### Task instructions
Once you find the line below that has "Pumpernickel (2102-20) - Tetradic", output it and every line after it exactly, stopping after the line that has "Hannes Roether T-Shirt Black M", with no pictures.
═════ Records provided ═════
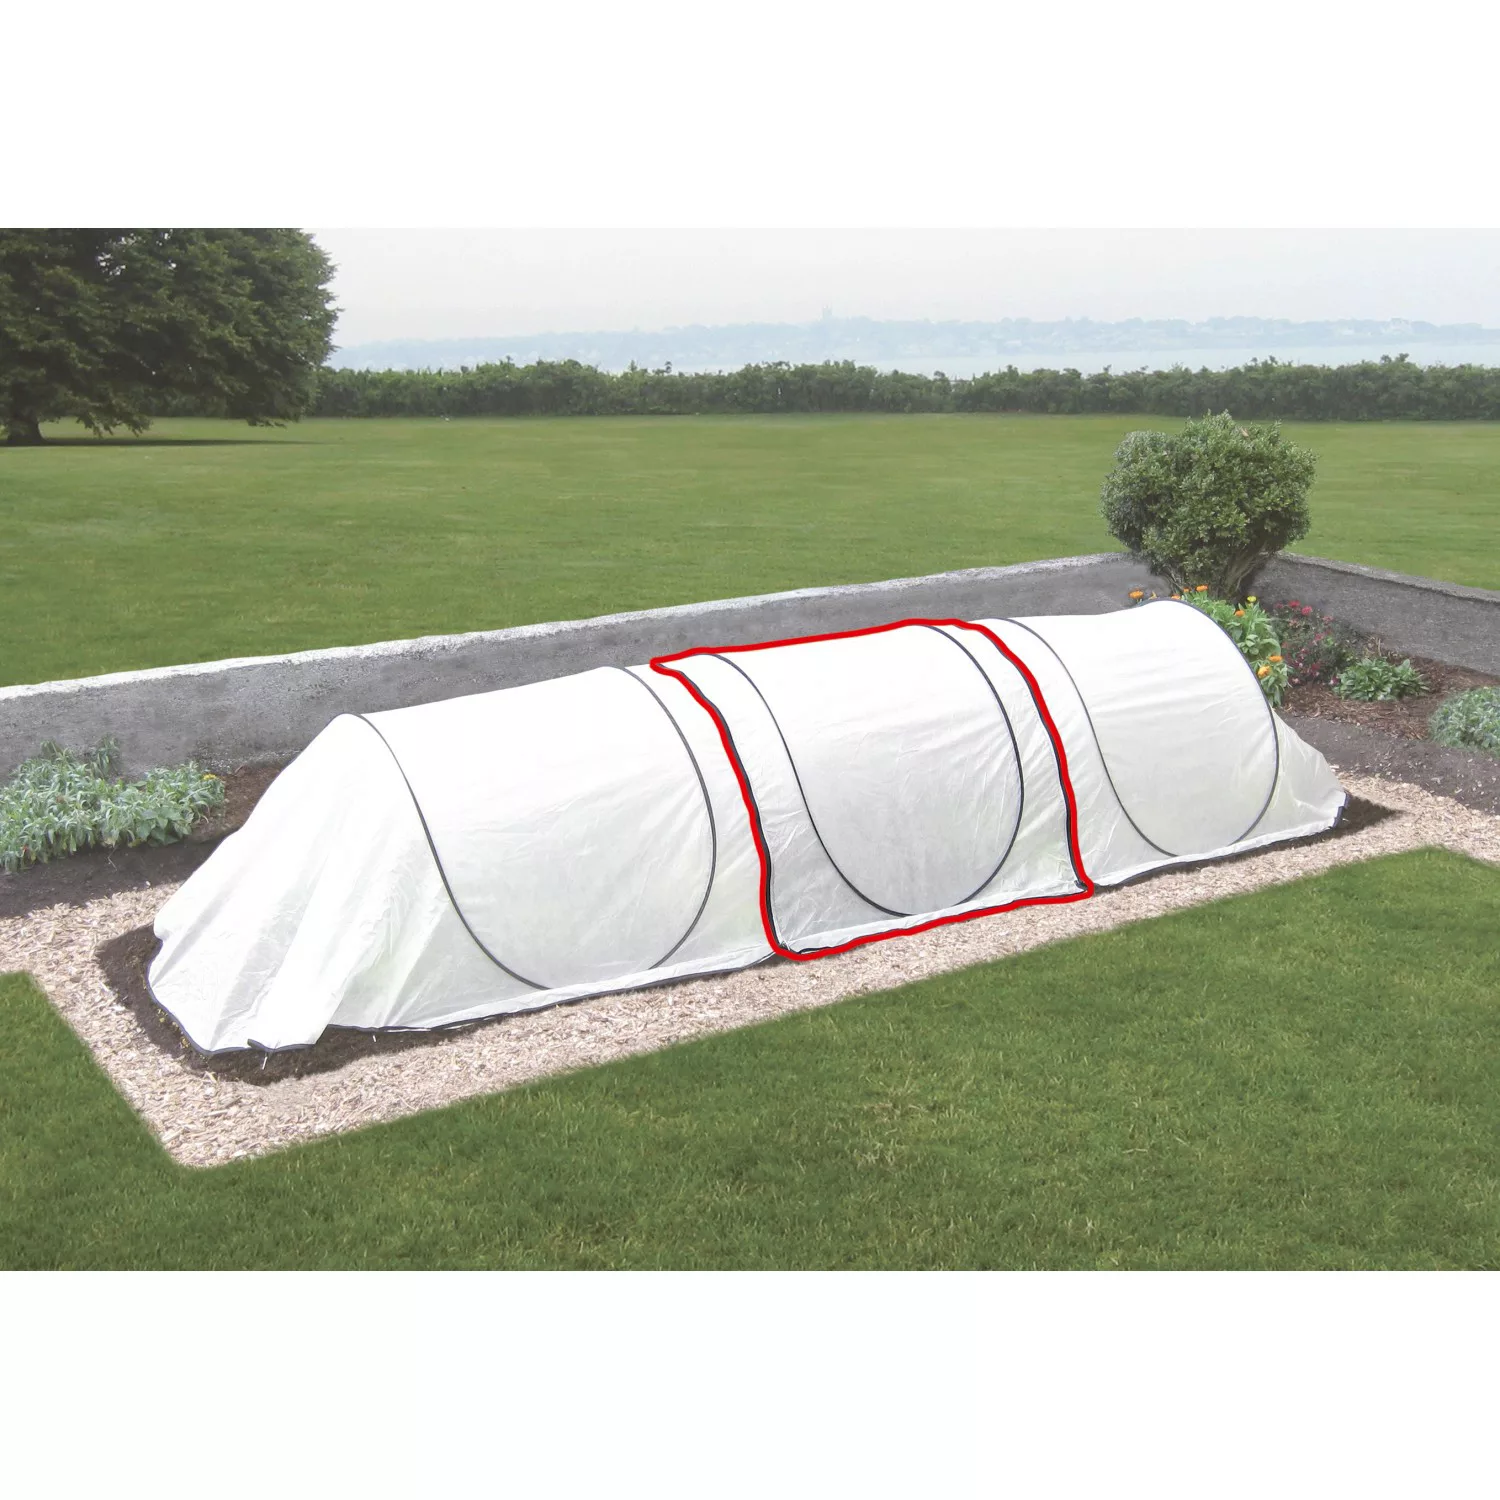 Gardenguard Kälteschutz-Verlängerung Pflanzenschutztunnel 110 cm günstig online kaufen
═════
═════ Records provided ═════
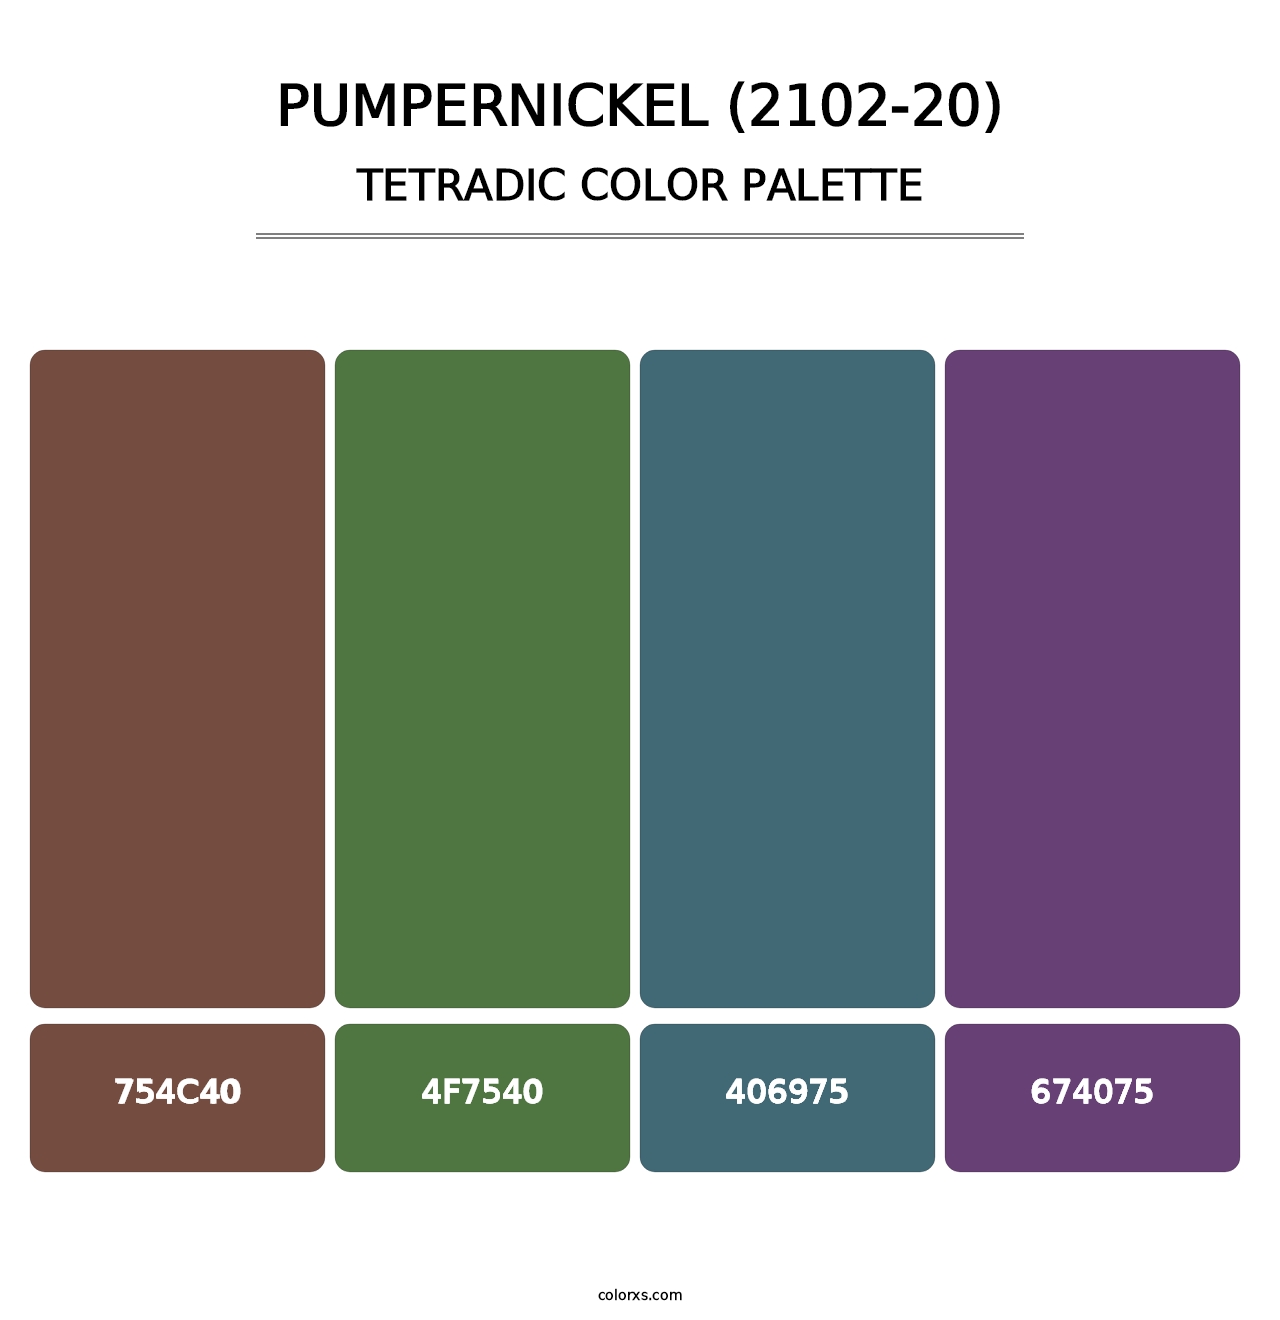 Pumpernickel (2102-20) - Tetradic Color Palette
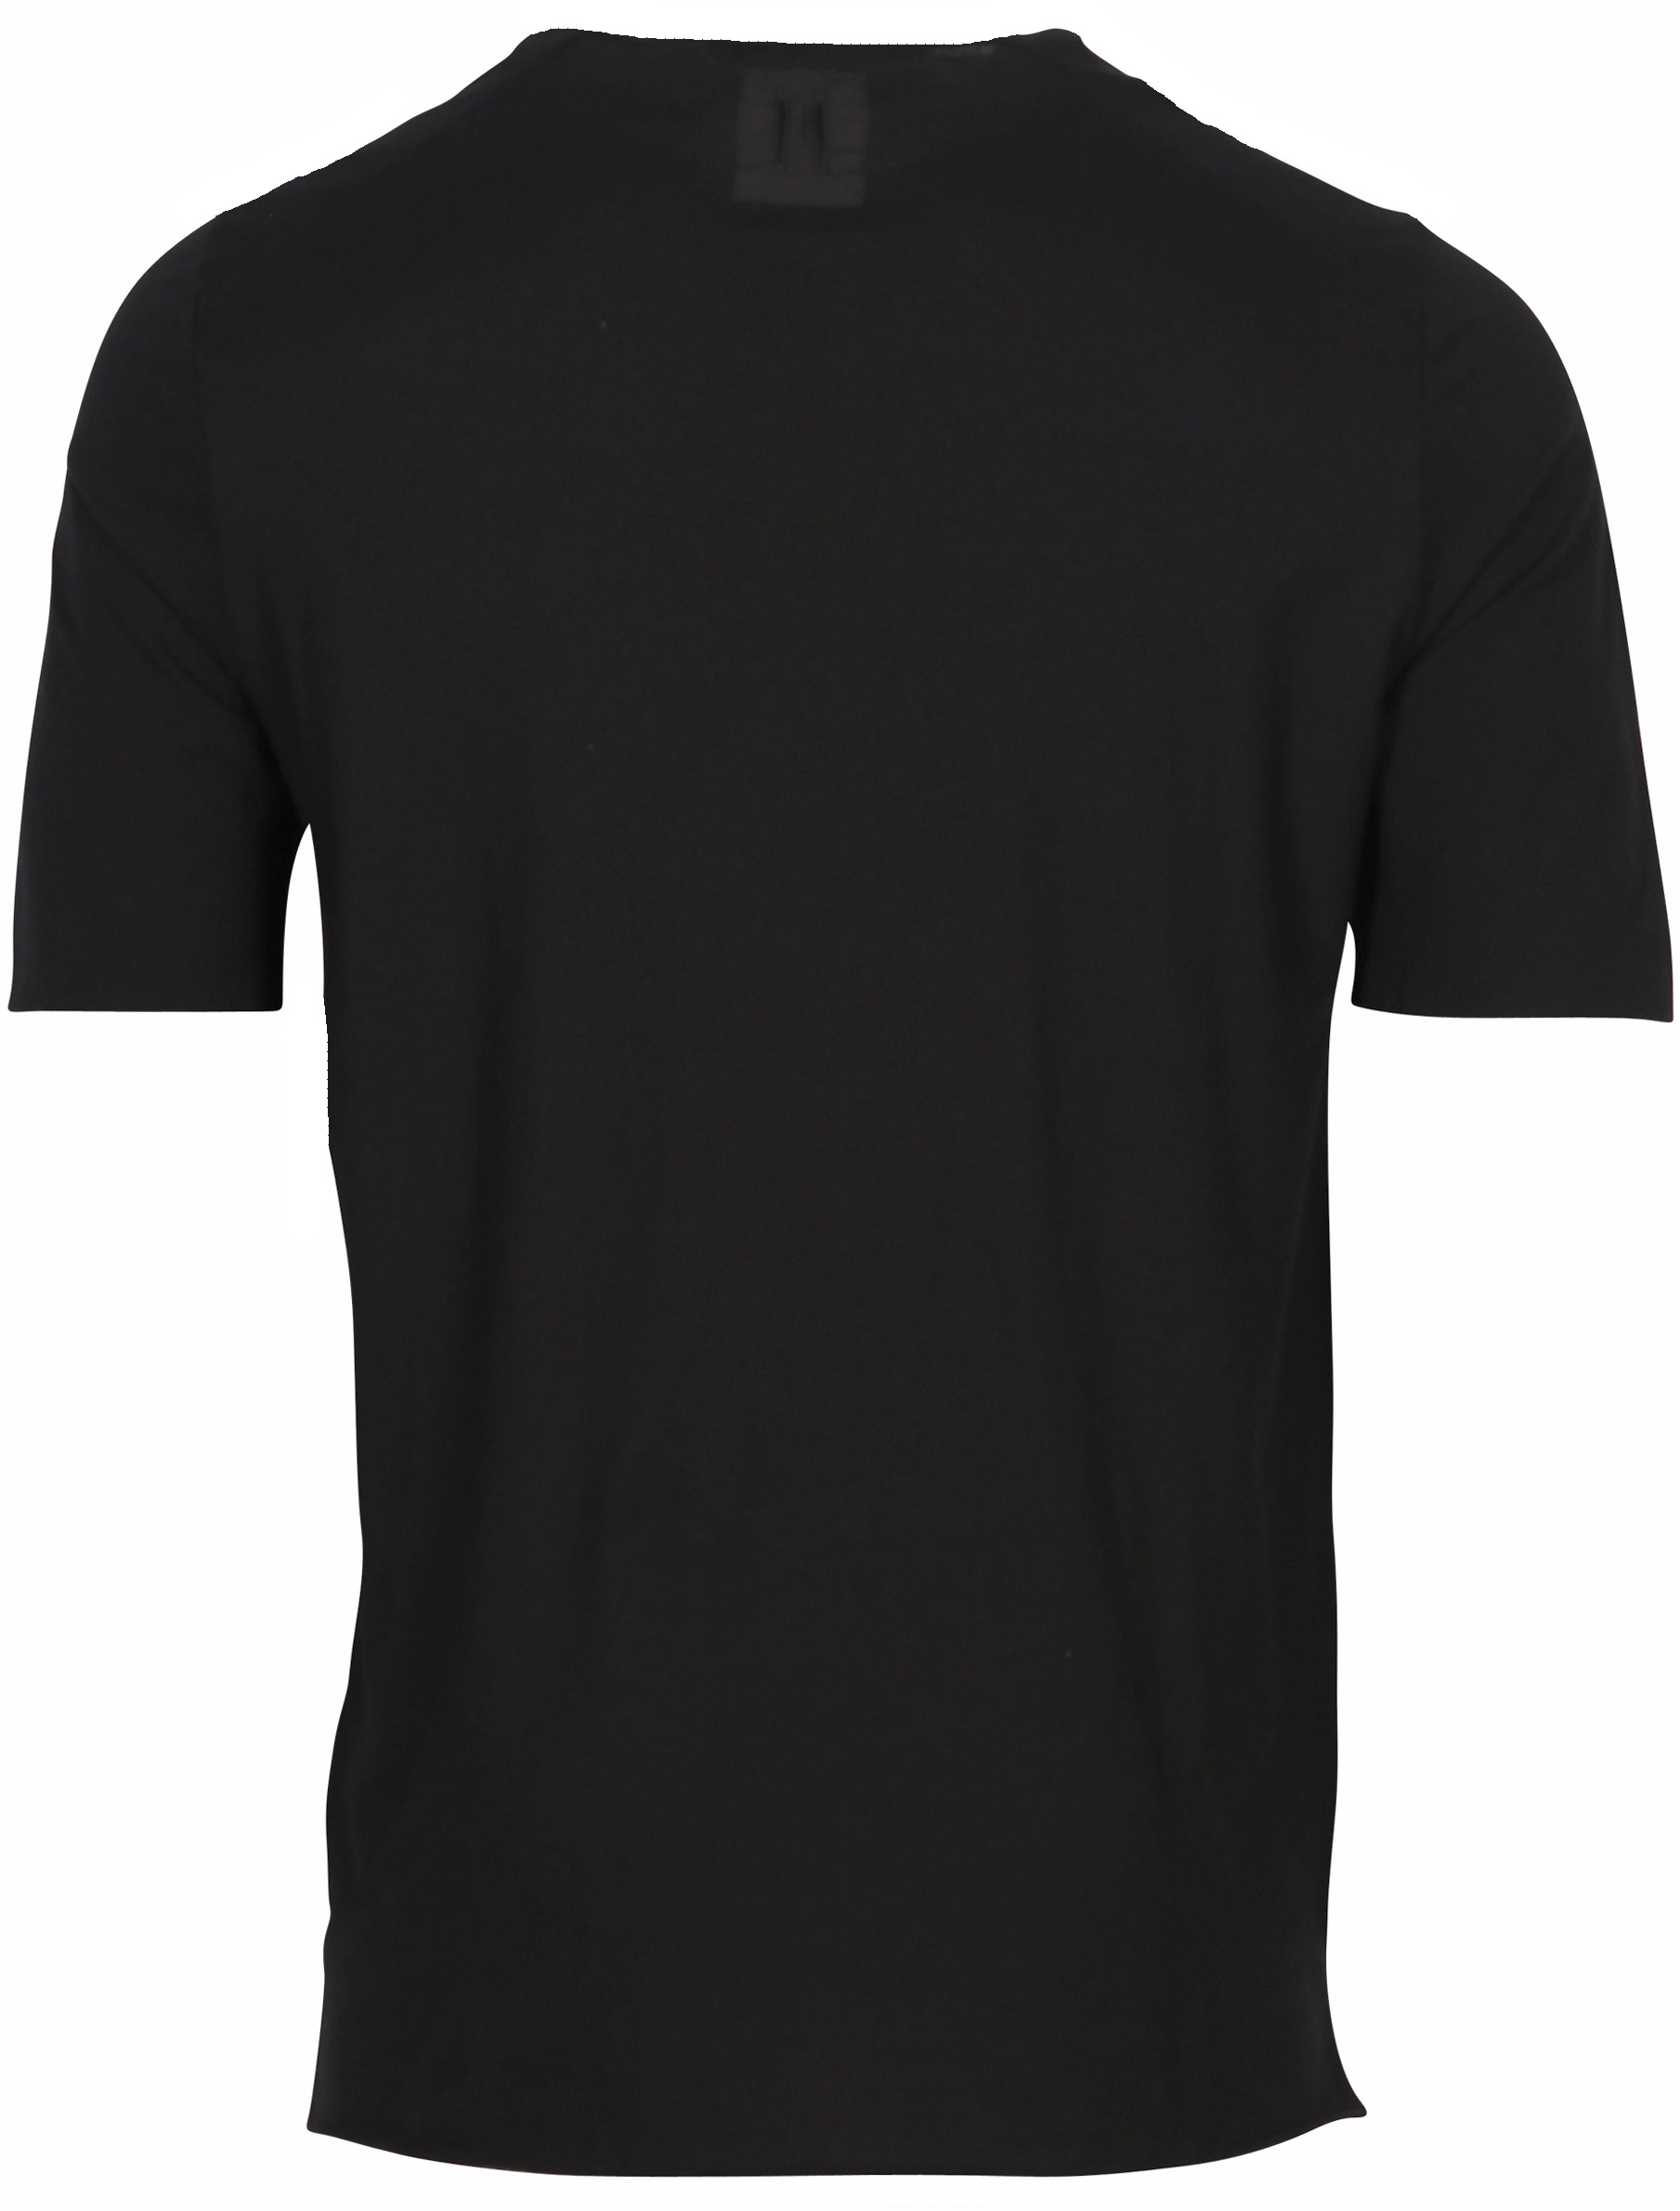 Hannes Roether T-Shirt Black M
═════
═════ Records provided ═════
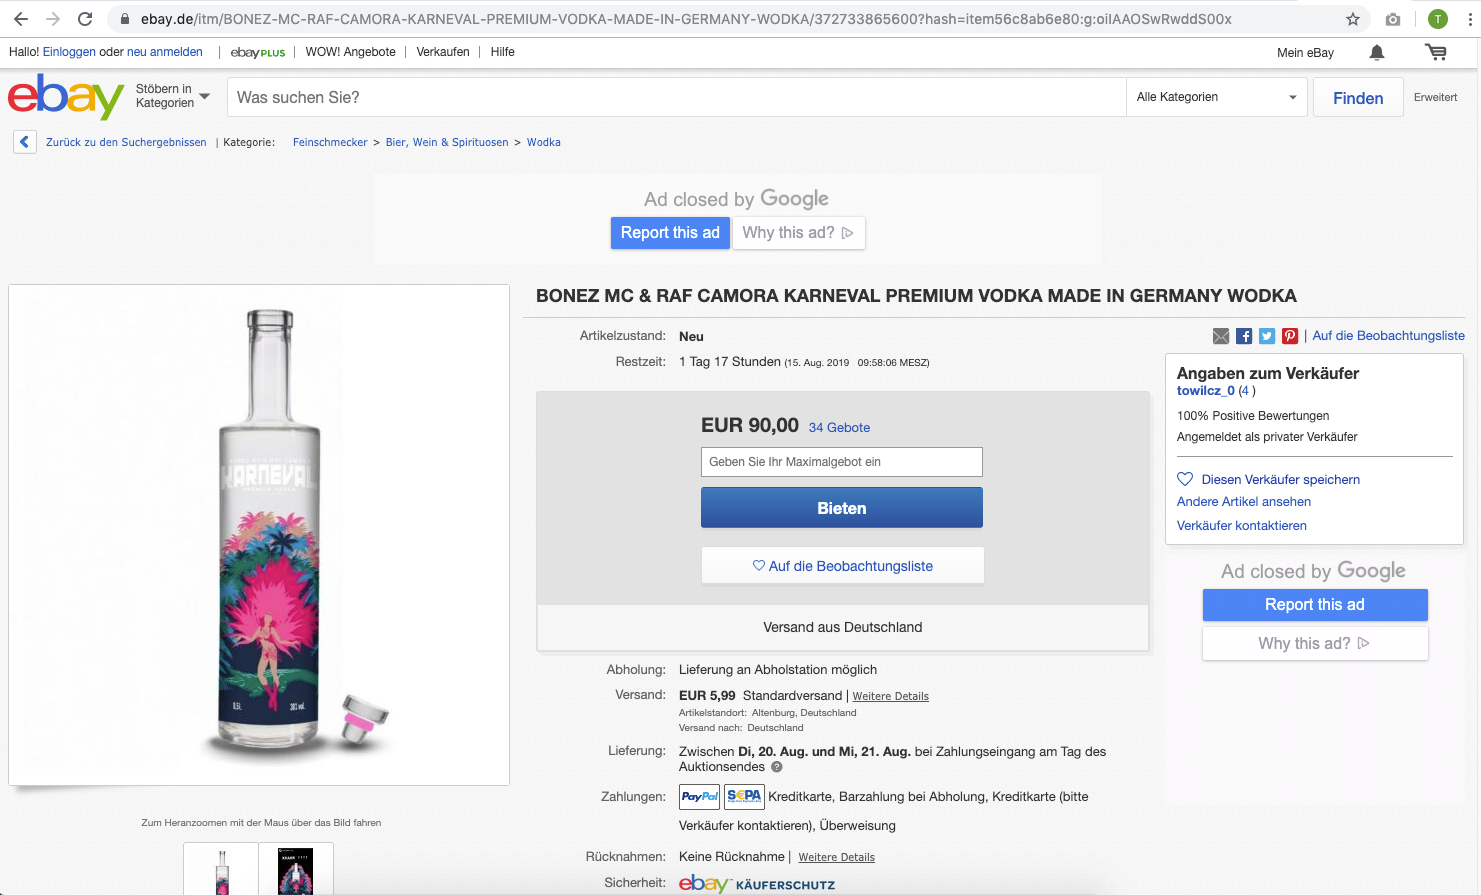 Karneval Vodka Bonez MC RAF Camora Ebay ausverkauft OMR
═════
### Answer box
 Pumpernickel (2102-20) - Tetradic Color Palette
 Hannes Roether T-Shirt Black M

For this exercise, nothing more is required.